EAW already does this with the KF900 series and their smaller DSA. I've also heard that Meyer is going to be releasing something similar in the near future.


----------



## saxman0317 (Sep 9, 2006)

hmm... Robot asst. that automatically finds and fixes any stupid problems like cables forgotten to be plugged in or things not plugged in for power. Maybe a sound board thats fully analog in workings, but can still do effects and cues with voice regoniition software...plus an iced tea dispenser and something that can zap actors that decide to turn their mics off and then blame you when they arent heard.


----------



## audioslavematt (Sep 11, 2006)

saxman0317 said:


> ... zap actors that decide to turn their mics off and then blame you when they arent heard.



QFT If I had a dollar for everytime that has happened to me I could not show up for a few work sessions.

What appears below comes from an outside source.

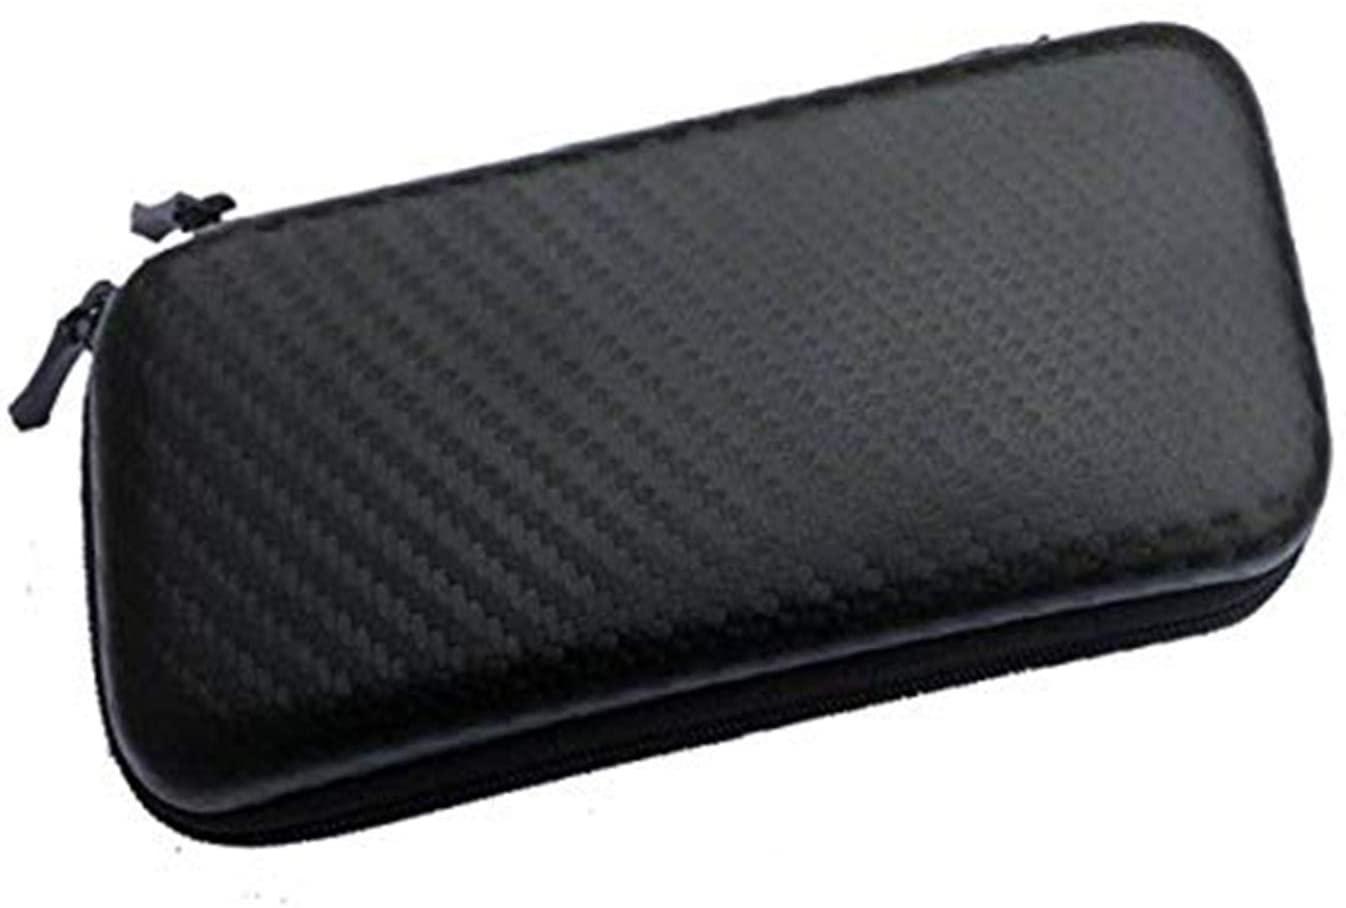 Kehuashina TS100 TS80 Soldering Iron Portable Carry Case,Small Zipper Tool Pouch Organizer Bag

I'll add that feature to my magic box.


----------



## SHARYNF (Sep 12, 2006)

so you want the 48,000 volt phantom power option ;-)

Sharyn


----------



## Peter (Sep 13, 2006)

So it would seem.. but 48,000 Volt WIRELESS phantom power


----------



## SHARYNF (Sep 13, 2006)

then you need the individual wireless Sennimobolizer IEM monitor 48 uhf channel agile taser system. ;-0

Sharyn


----------



## soundlight (Sep 13, 2006)

Now where could I find one of those? It'd be nice to be able to make actors have convulsionson stage!

No, but really, actors need to figure out how they work...I put duct tape over all of the switches when we do mic check so that the actors can't turn them off.
</hijack>


----------



## avkid (Sep 13, 2006)

Eboy87 said:


> Too bad the D5 costs a metric butt load of money.


 I'll have to add that to my conversion tables!


----------



## Eboy87 (Sep 13, 2006)

avkid said:


> I'll have to add that to my conversion tables!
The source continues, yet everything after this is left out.